It was the most common chemistry for quite a while. Now most people have switched to 6:2:2. 8:1:1 is next.
 
Not really the “most common “ for EVs.
The biggest selling EV..the BYD’s never used it, Leaf never used it, Tesla never used it, BMW never used it, VW started with 6:2:2, and will be in 8:1:1 by the end of the year. As will most LG based EV packs.
I suspect by 2030 8:1:1 will be a distant memory,... let alone 6:2:2
 
New, open source computer based system modeling tool project. MEDEAS "Modelling the Energy Development under Environmental And Socioeconomic constraints" aims to create a new computational model that will define the future of the energy system in Europe, taking into account physical as well as social constraints.
.
Intro video here
.
https://youtu.be/ExaFpPJKdnE
.
.
 
We are running short of raw materials for batteries already and we have barely just begun to start replacing the 1 billion light vehicles on the road today.
"If automakers can't get battery cells and battery makers can't get the minerals they need to make them, the downward trend in the price of lithium batteries could be interrupted. That could delay not only the rollout of individual new models but also push back the time when electric vehicles reach cost parity with internal-combustion ones.

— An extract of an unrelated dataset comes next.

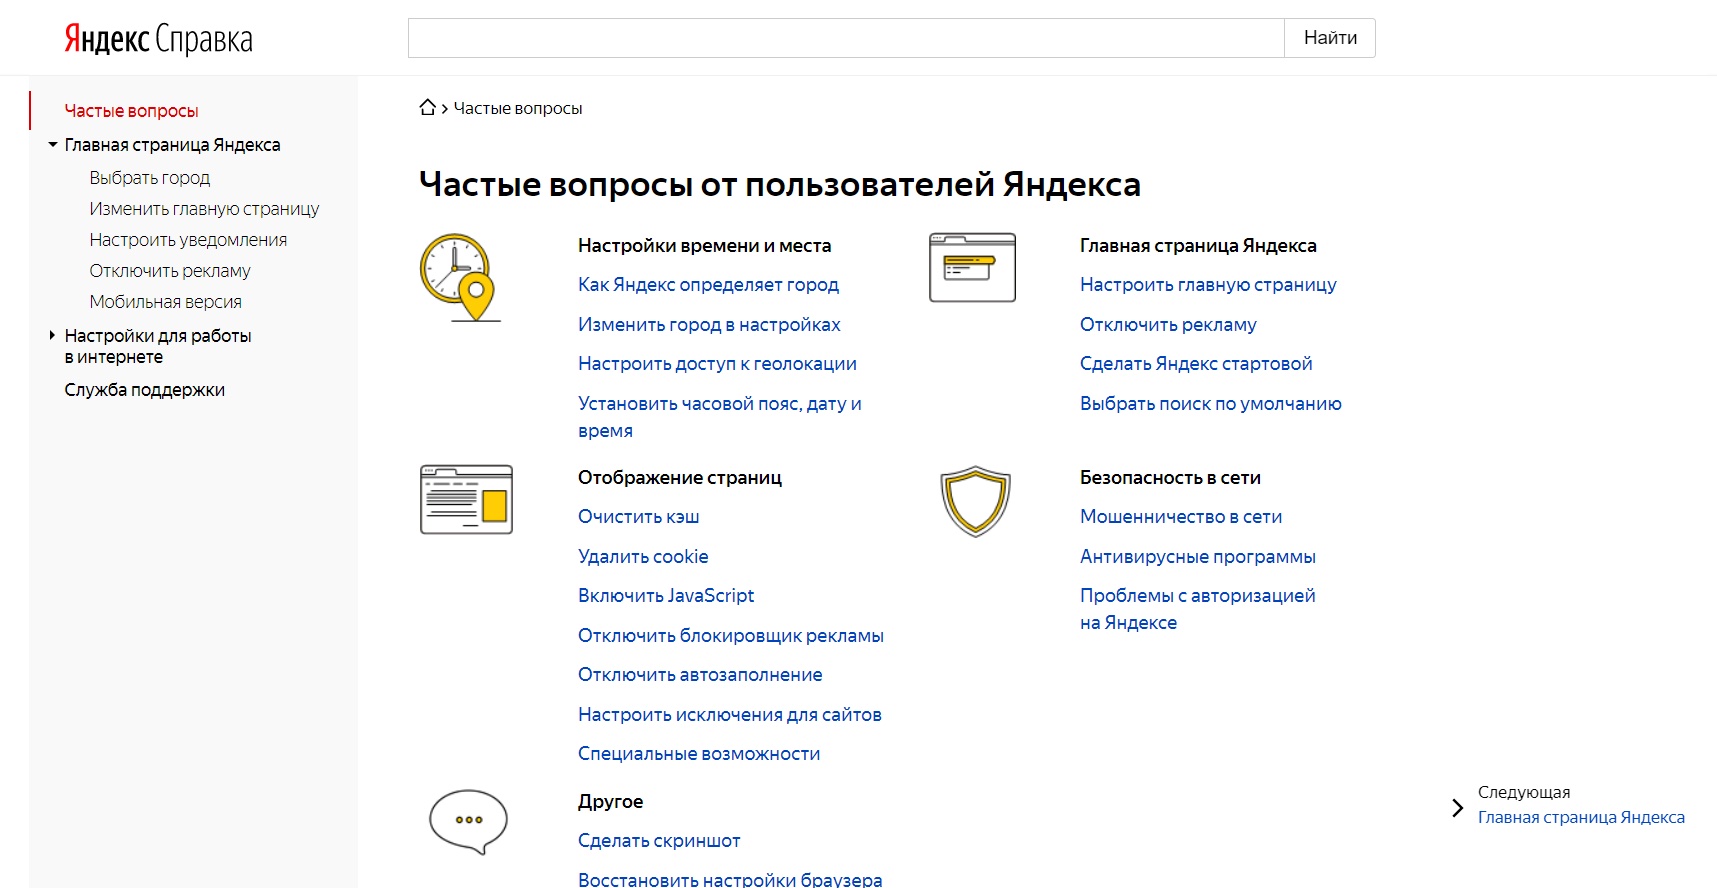 Пример оформления FAQ в Яндекс.Справке

Anybody have an active mining claim to spare?"
.
https://www.greencarreports.com/news/1122906_could-battery-lawsuits-material-shortages-delay-some-evs
.
 
EV pricing certainly still has some way to go, and these new Kia/Hyundai EVs highlight the situation because they have ICE powered duplicates.
I have not checked the US pricing, but in Australia where there are currently no subsidies/rebates for EV purchase , the 64kWh Kona EV is listed at Au$60,000 for the base model ( us$43,000) ..+$2000 for the home charger ?.
( the higher spec with such luxuries as LED lights, phone charger, electric seats, etc..is +$5,000)
Two details highlight the EV problem....
The equivalent base model Kona ICE is Au$30,000. (Us$ 21,500) ..half the price of the EV version !
And, hyundai have revealed that a replacement battery pack is priced at Au$36,000, ..which explain’s the main reason for the price difference, and , although you cannot read much into manufacturers retail pricing,...suggests EV pack prices are not dropping as fast as predicted over the past few years. ( GM quoted Au$23,000 for a Bolt 60kWh pack 2 years ago .. https://www.greencarreports.com/news/1110881_how-much-is-a-replacement-chevy-bolt-ev-electric-car-battery )
I do not see manufacturing improvements or production volumes being able to significantly reduce these pack prices sufficiently to make EVs cost competitive. There will need to be a major technology change in cell/battery pack systems to enable cost reductions and avoid any material limitations.
 
Unfortunately the 'base' trim of all EVs never get released early. So the equivalent ICE Kona is actually their Highlander spec, which is about $44k - you know, leather this, sat-nav that, auto-lane keeping etc. The price differential between equivalent trim vehicles is more like a 25% premium.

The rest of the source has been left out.